___ Material provided

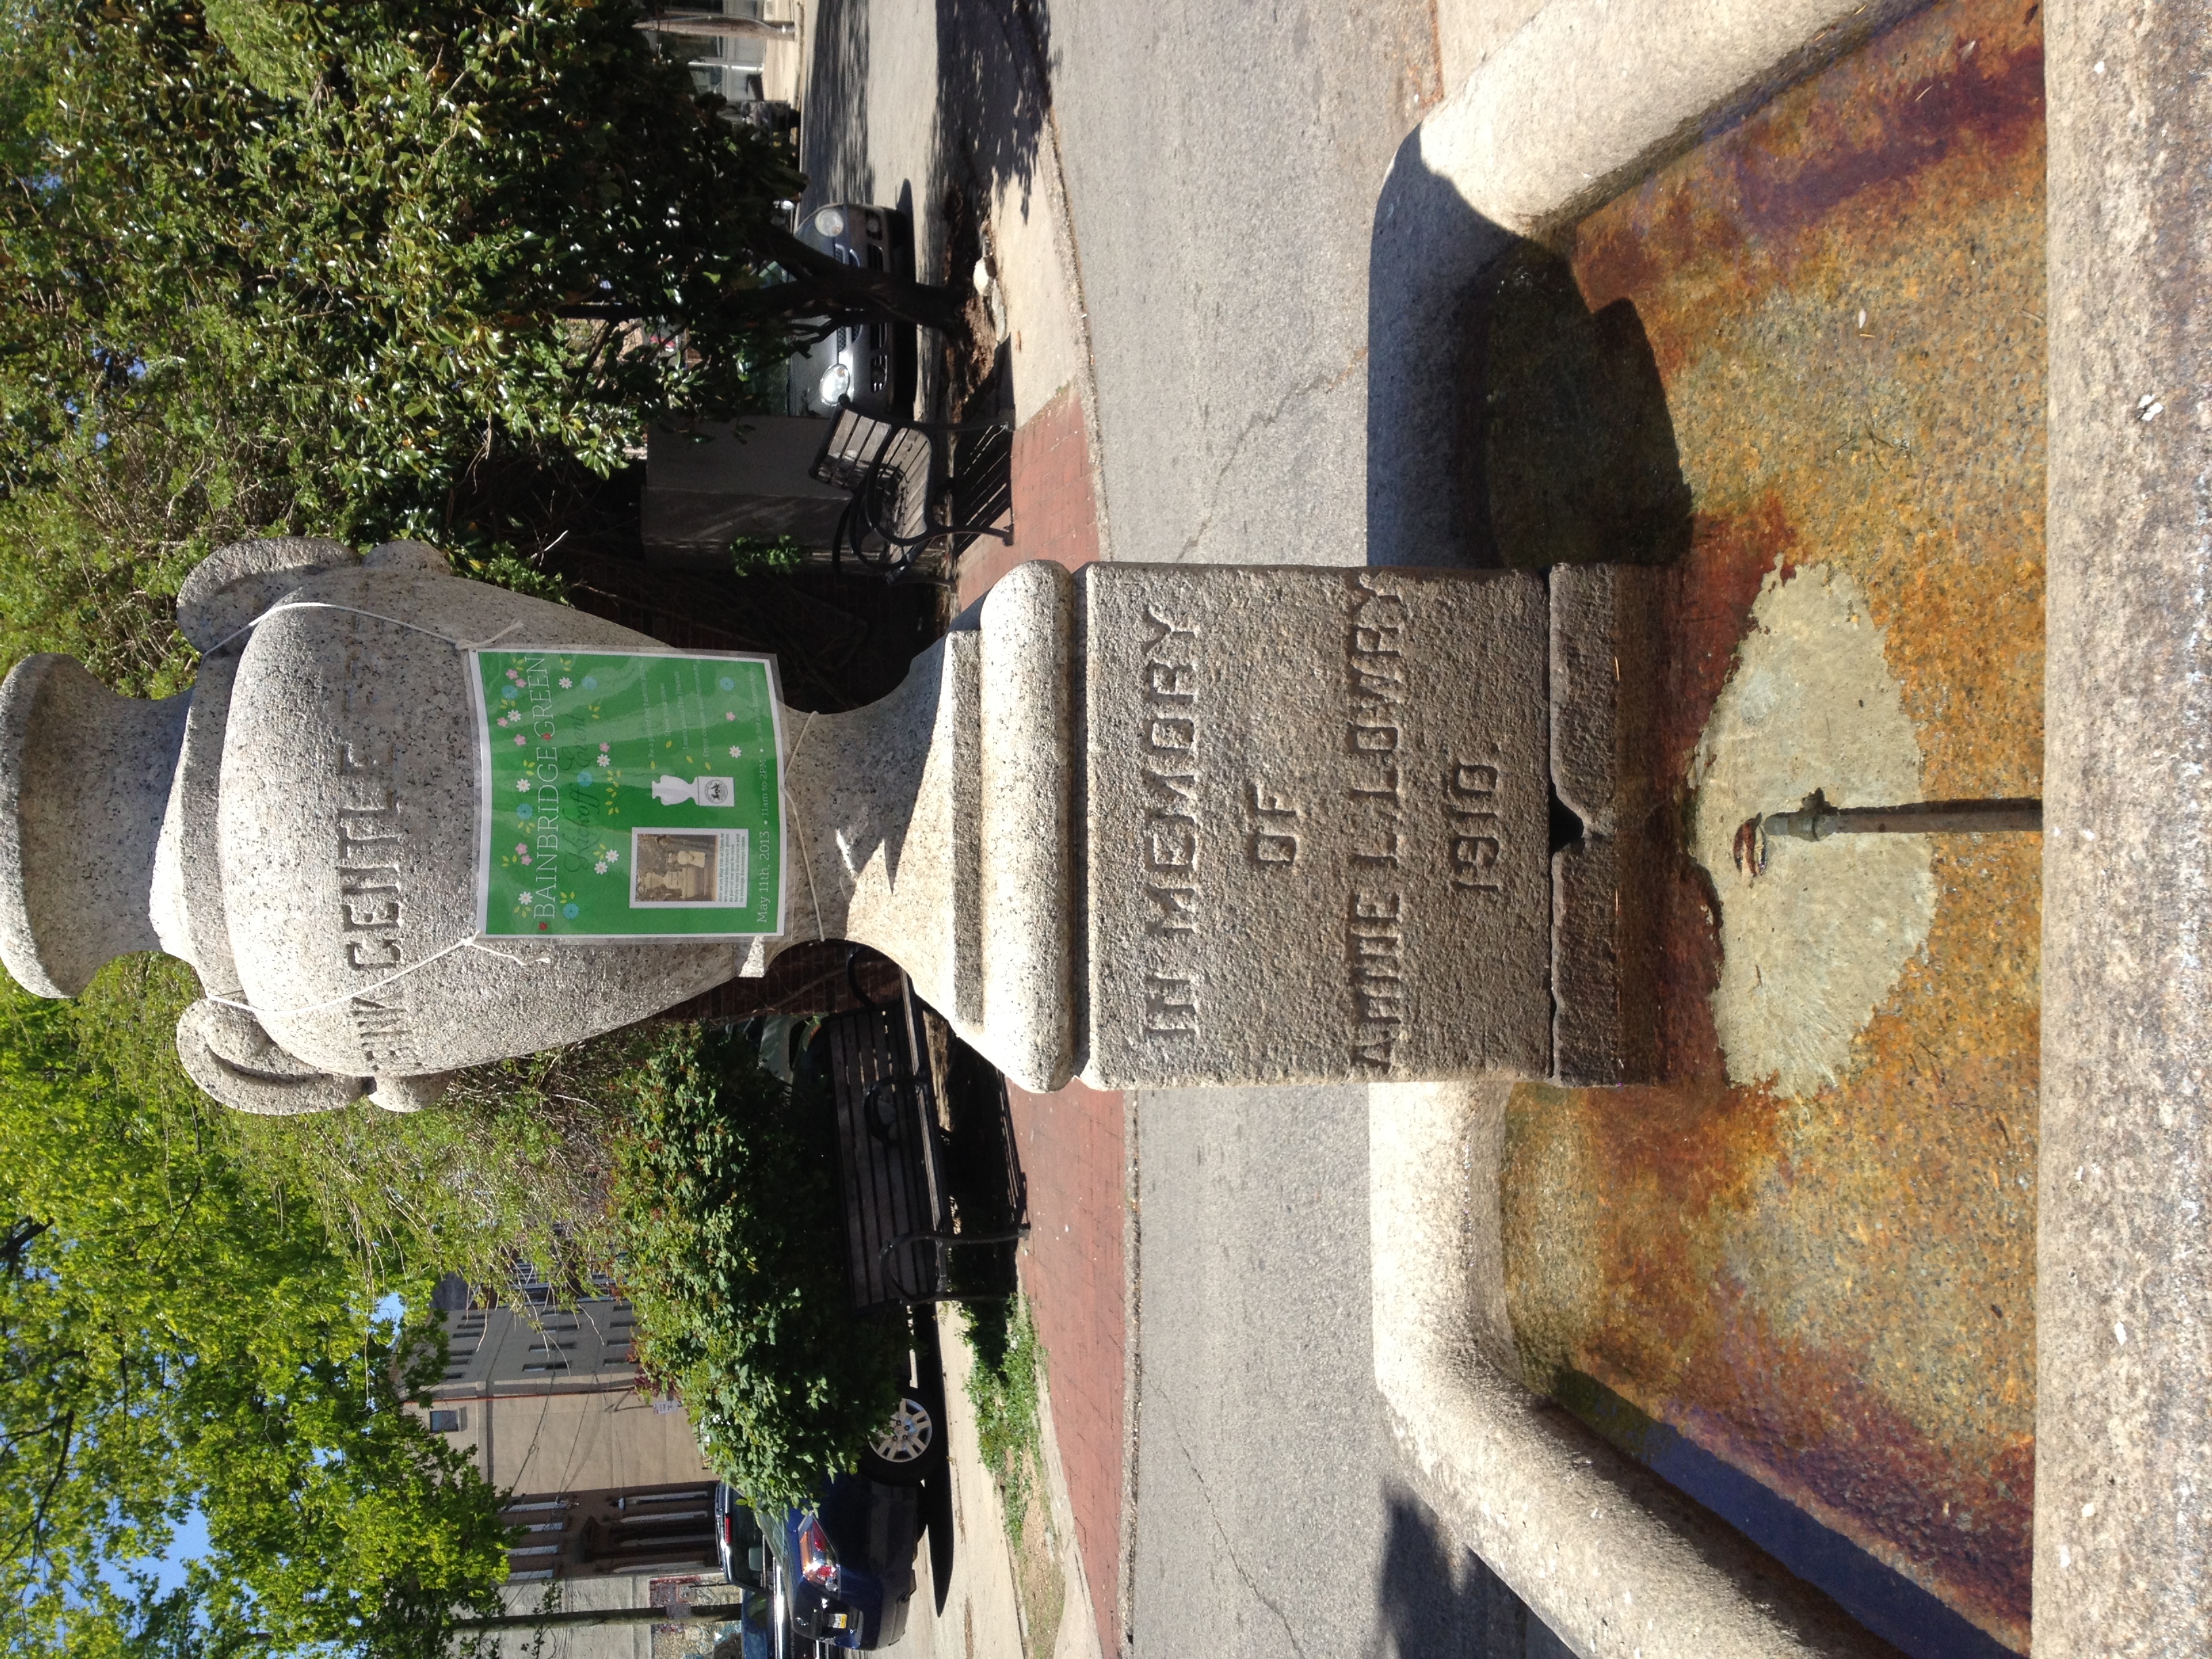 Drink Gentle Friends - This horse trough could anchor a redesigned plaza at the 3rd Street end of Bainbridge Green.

______
___ Material provided

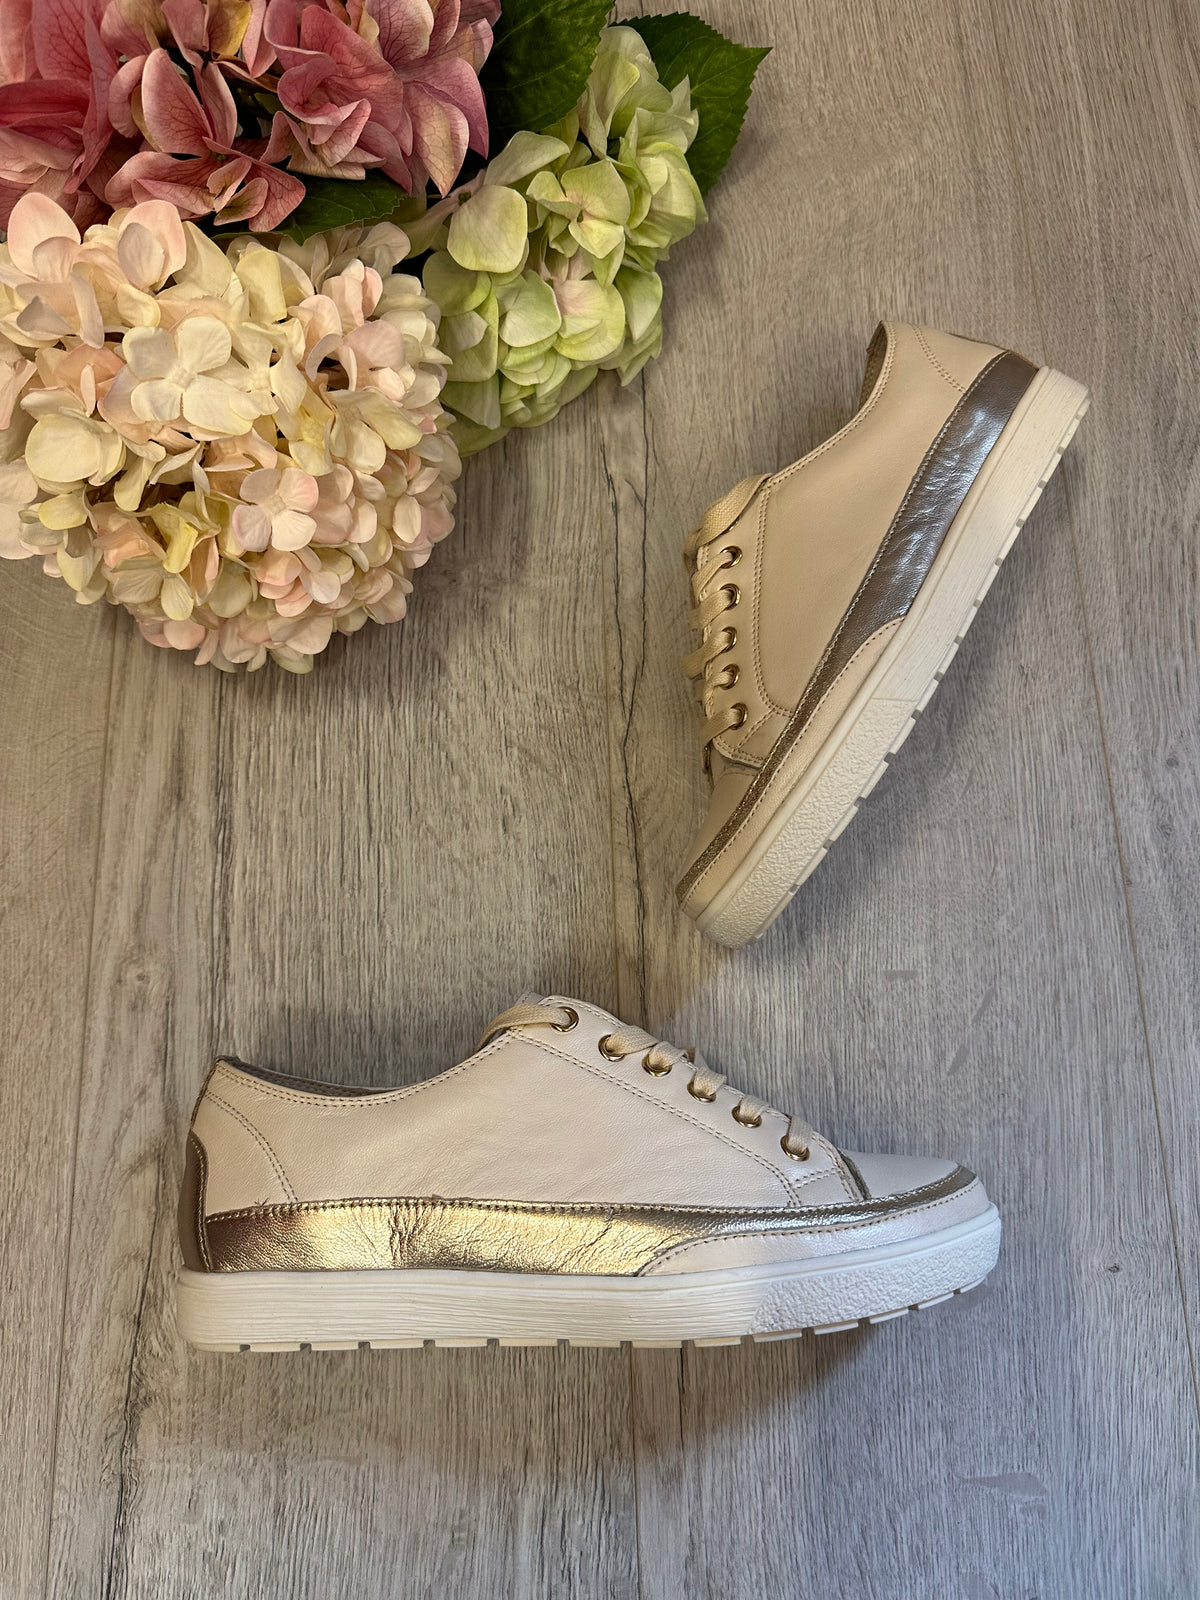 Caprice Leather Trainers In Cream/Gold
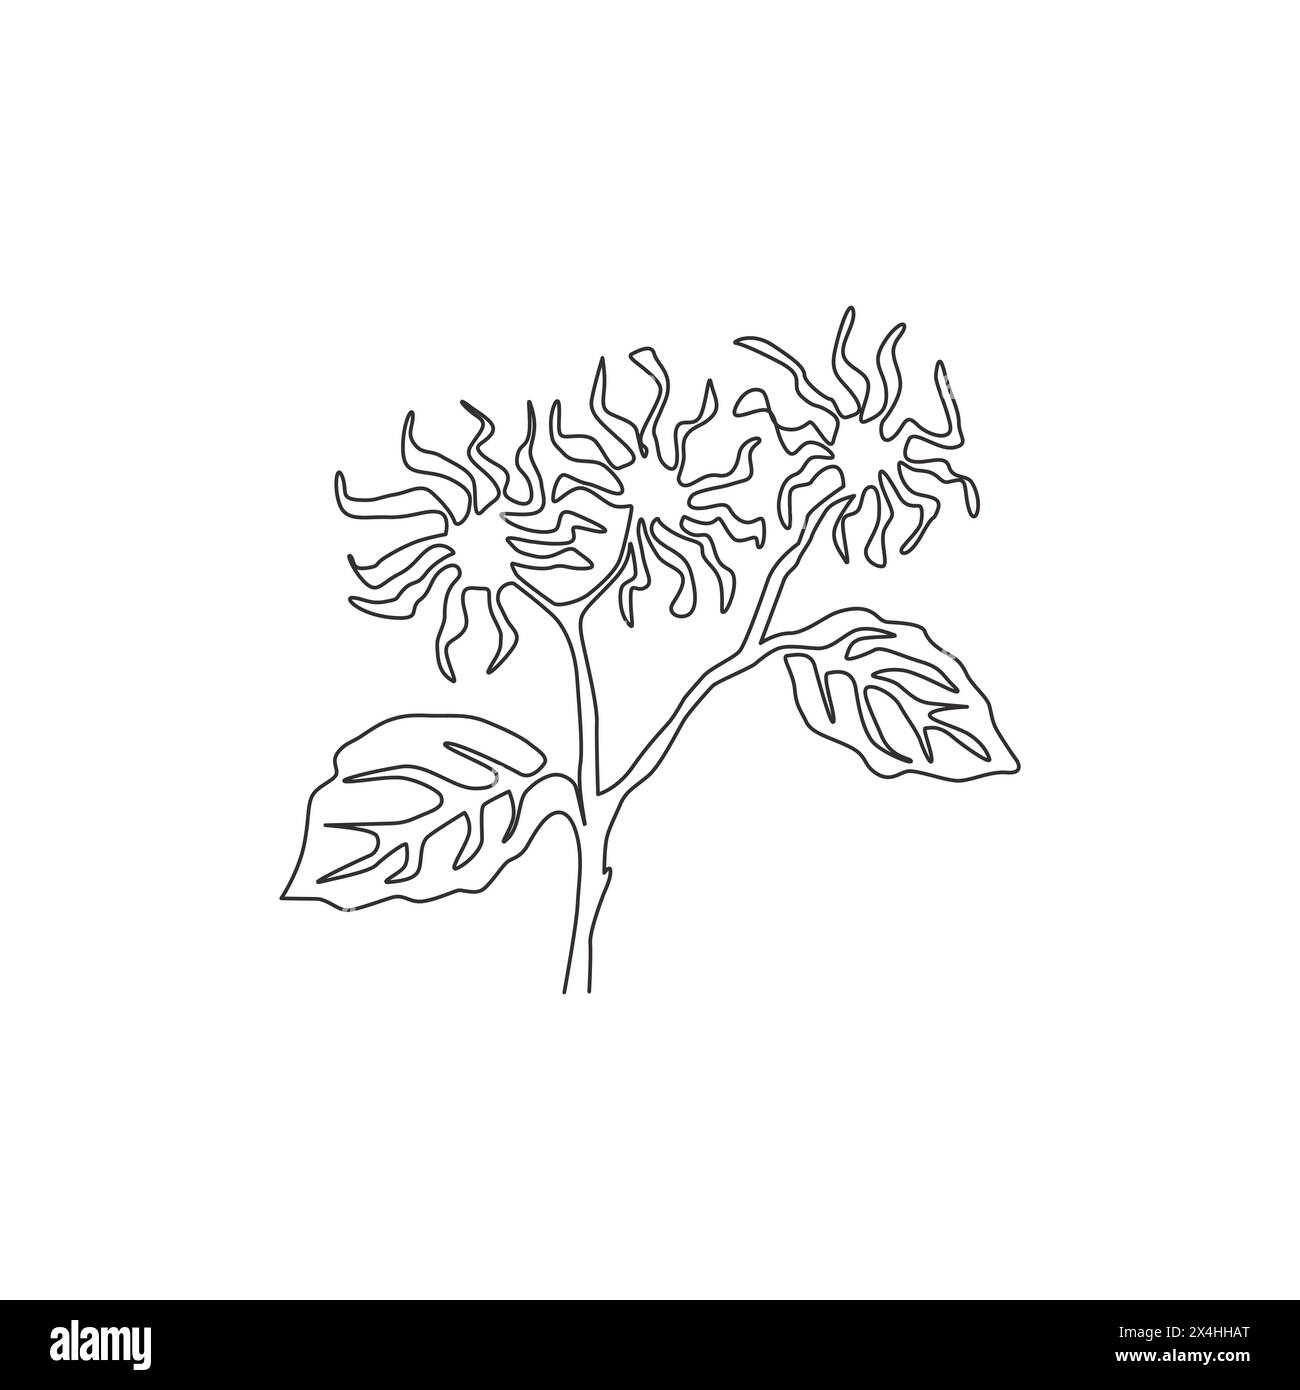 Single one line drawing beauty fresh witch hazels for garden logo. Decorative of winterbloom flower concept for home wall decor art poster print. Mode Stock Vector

______
___ Material provided

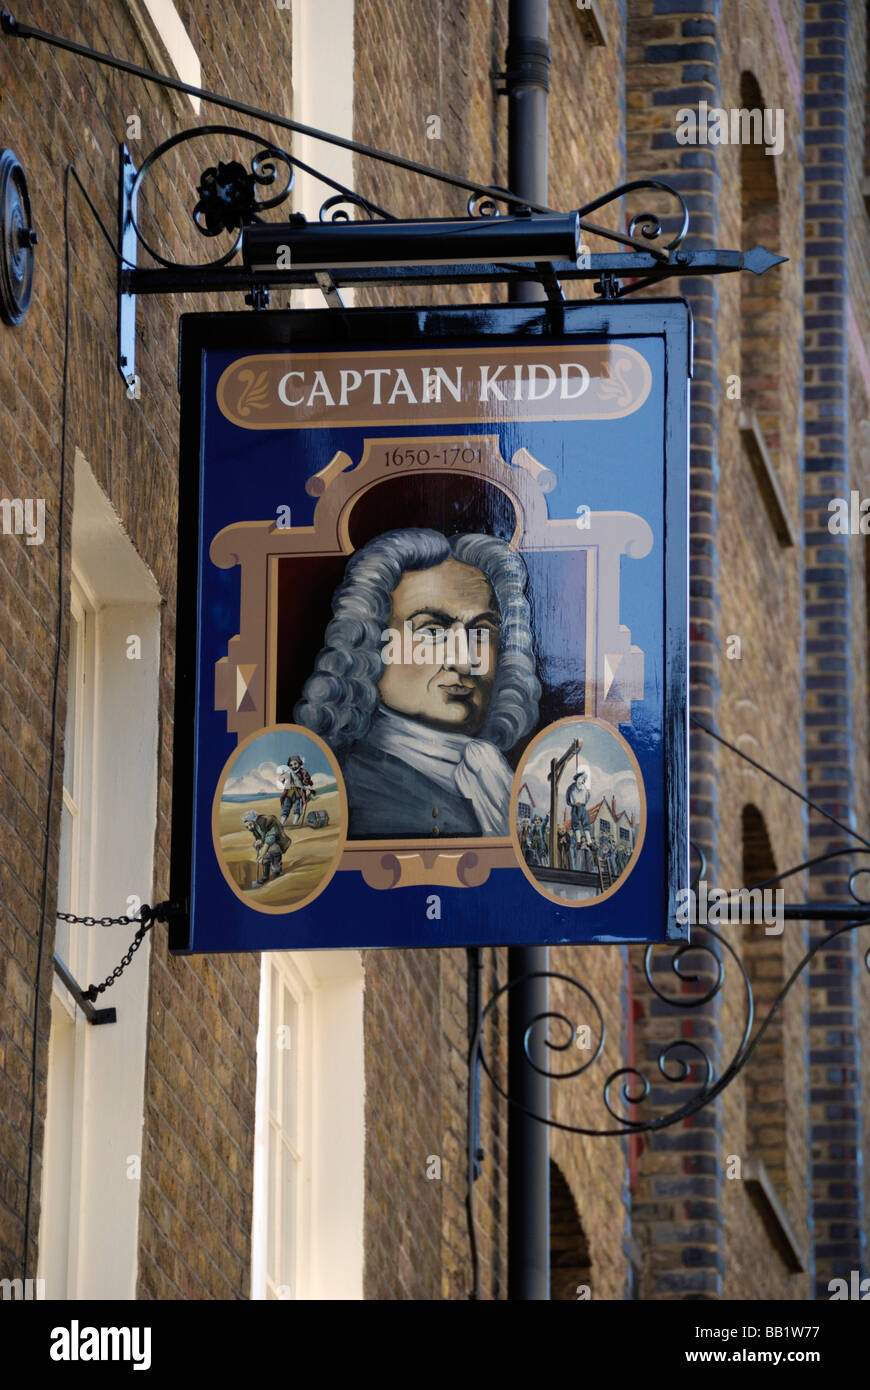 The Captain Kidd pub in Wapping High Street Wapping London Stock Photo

______

*Goal of the exercise:* Going by the data above, give back only the lines from the one containing "Caprice Leather Trainers In Cream/Gold" through the one containing "Single one line", exactly as they stand, both ends included and no images.

*Response area:*
 Caprice Leather Trainers In Cream/Gold
 Single one line drawing beauty fresh witch hazels for garden logo. Decorative of winterbloom flower concept for home wall decor art poster print. Mode Stock Vector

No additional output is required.